Changes in blood sugar levels are one of the side effects of IV glucose and insulin. Doctors will keep a close eye on these levels in the hospital to make sure they stay within the normal range. Muscle cramps, low blood pressure (hypotension), and changes in blood electrolyte contents are all side effects of hemodialysis and hemofiltration that must be closely monitored. Individuals with classic MSUD have had great success with liver transplants. Complications of a liver transplant are similar to those of any surgical procedure, including bleeding, infection, and blood clots. Other potential complications of transplantation include organ rejection and a weakened immune system (beyond what is needed to prevent organ rejection). Patients can live normal lives with good monitoring and without fear of MSUD problems if they better understand the transplant process.

COVID-19 Impact Analysis

MSUD patients typically live into adulthood if diagnosed and treated early with a BCAA-restricted diet to prevent muscle protein catabolism. Despite the adequate dietary modification, a metabolic crisis in children and adults can be triggered by insults such as infection, surgery, trauma, and fasting. Encephalopathy, gastrointestinal disturbances, and lethargy are all symptoms of a metabolic crisis in these people.

According to the Centers for Disease Control and Prevention (CDC), the coronavirus disease 2019 (COVID-19) pandemic has infected nearly 80 million Americans and killed over 900,000, posing a serious threat to MSUD patients prone to metabolic derangements. Hence, covid-19 is expected to impact the global maple syrup urine disease treatment market.

Segment Analysis

The classic maple syrup urine disease segment is expected to dominate the market growth

Classic maple syrup urine disease (classic MSUD) is the most severe and probably most common form of MSUD, characterized by a maple syrup odor in the cerumen at birth, poor feeding, lethargy, and focal dystonia, which can progress to progressive encephalopathy and central respiratory failure if left untreated. In neonates, classic MSUD is a medical emergency. Acute management necessitates glucose plus insulin, intravenous lipids, plasma amino acid monitoring, and isoleucine and valine supplements to boost protein anabolism. Dialysis is frequently required. Stabilized infants require high-calorie BCAA-free formulas, dietary leucine restriction, and outpatient metabolic clinic monitoring. Patients must follow a strict diet for the rest of their lives and be closely monitored during pregnancy. The use of orthotopic liver transplantation is also a viable option.
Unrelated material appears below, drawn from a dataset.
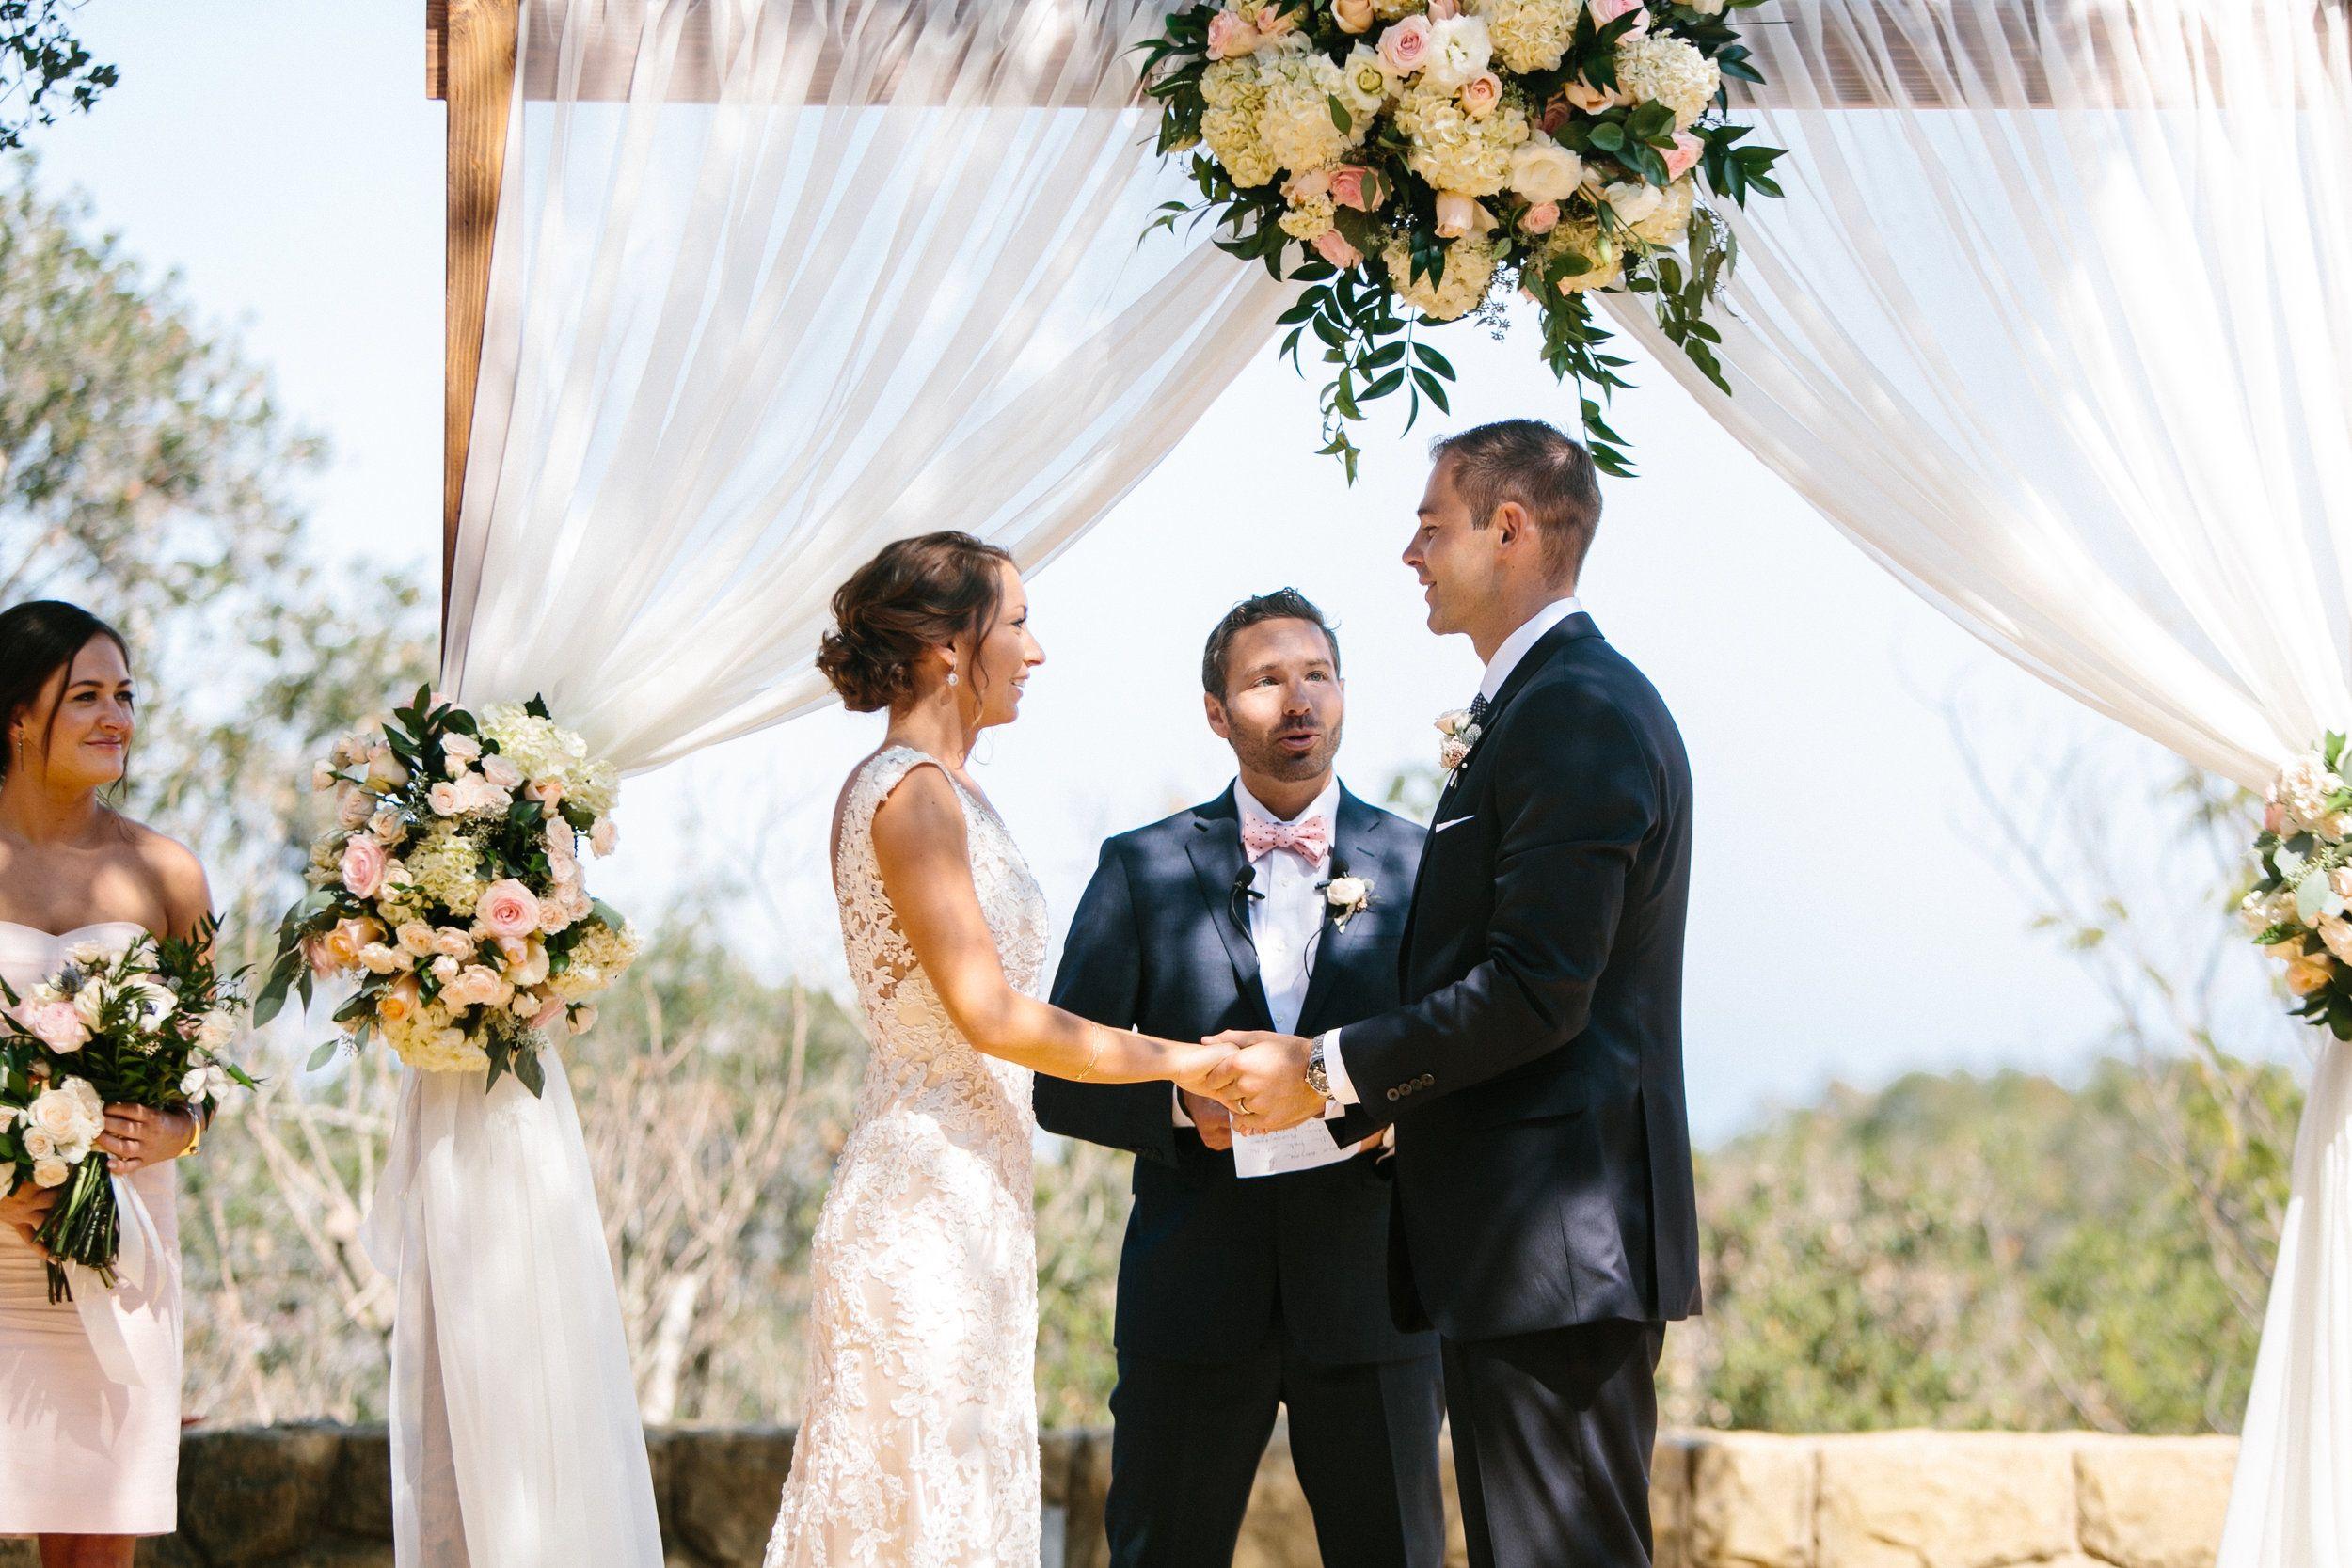 Burlap Bordeaux Featured In Santa Barbara Wedding Style Venue Elings Park Photographer Josh Newton Planner Designer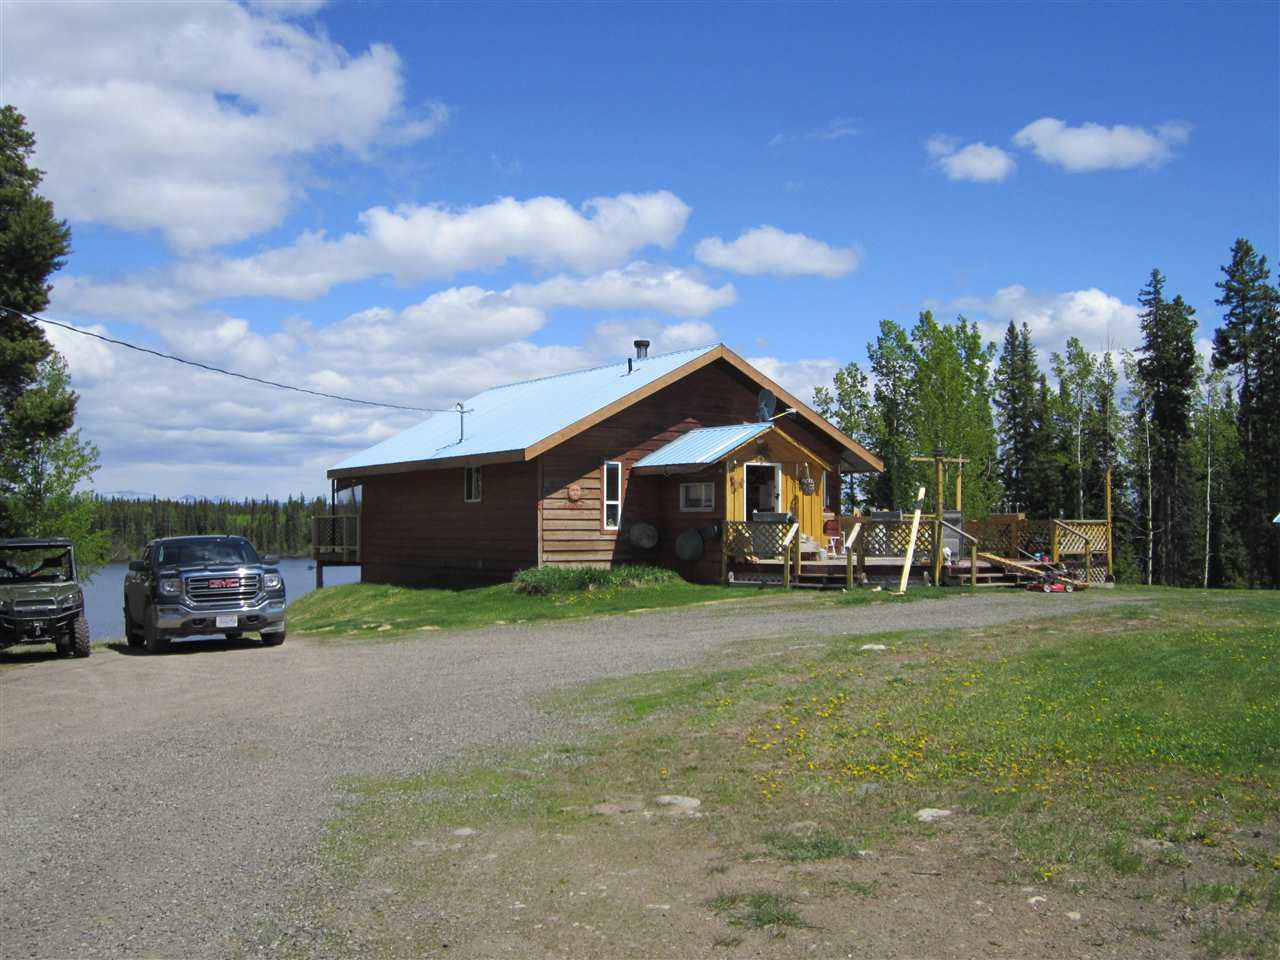 Photo 3: Photos: 3126 ELSEY Road in Williams Lake: Williams Lake - Rural West House for sale (Williams Lake (Zone 27))  : MLS®# R2467730

Within the first 24–48 hours, infants with classic MSUD will show subtle symptoms. Poor feeding, whether by bottle or breast, lethargy, and irritability are subtle symptoms. The infant's focal neurologic signs will then become more prominent. Athetoid, hypertonia, spasticity, and opisthotonus are some of the neurologic signs that can lead to convulsions and coma. If MSUD is not treated, it will cause central neurologic dysfunction and respiratory failure, which will result in death. Although MSUD can be stabilized, there is still a risk of metabolic decompensation and bone loss, resulting in osteoporosis, pancreatitis, and intracranial hypertension. Other signs and symptoms associated with classic MSUD include intellectual disability and behavioral issues.

Geographical Analysis

North America region is expected to hold the largest market share in the global maple syrup urine disease treatment market

The increasing prevalence of maple syrup urine disease and better healthcare facilities in this region is expected to drive the market growth.

MSUD is a very uncommon condition. It affects about 1 in every 185,000 births around the world. When cousins and other close relatives have children together, it is more common in populations with a small gene pool. MSUD affects about 2,000 people in the United States. It affects both men and women equally. It affects approximately one newborn out of every 180,000 live births in the United States. However, in populations where consanguinity is more common, such as the Mennonites in Pennsylvania or the Amish, MSUD is significantly higher, with one newborn out of every 176 live births.

Moreover, on 1st February 2022, Relief Therapeutics Holding SA collaborated with Acer Therapeutics and was granted a new patent by the United States Patent and Trademark Office (USPTO) for certain claims related to ACER-001 (sodium phenylbutyrate). The FDA is currently reviewing Acer Therapeutics' New Drug Application (NDA) for ACER-001 to treat UCDs, with a target action date of June 5, 2022, under the Prescription Drug User Fee Act (PDUFA).

Competitive Landscape

The global maple syrup urine disease treatment market is moderately competitive with mergers, acquisitions, and product launches. Some of the key players in the market are Acer Therapeutics Inc., HemoShear Therapeutics, LLC, Recordati SpA, Jo Mar, Codexis, Inc.

Acer Therapeutics Inc.

Overview: Acer Therapeutics Inc. is a pharmaceutical company focused on acquiring, developing, and commercializing Intermediate MSUD for rare and life-threatening diseases with significant unmet medical needs.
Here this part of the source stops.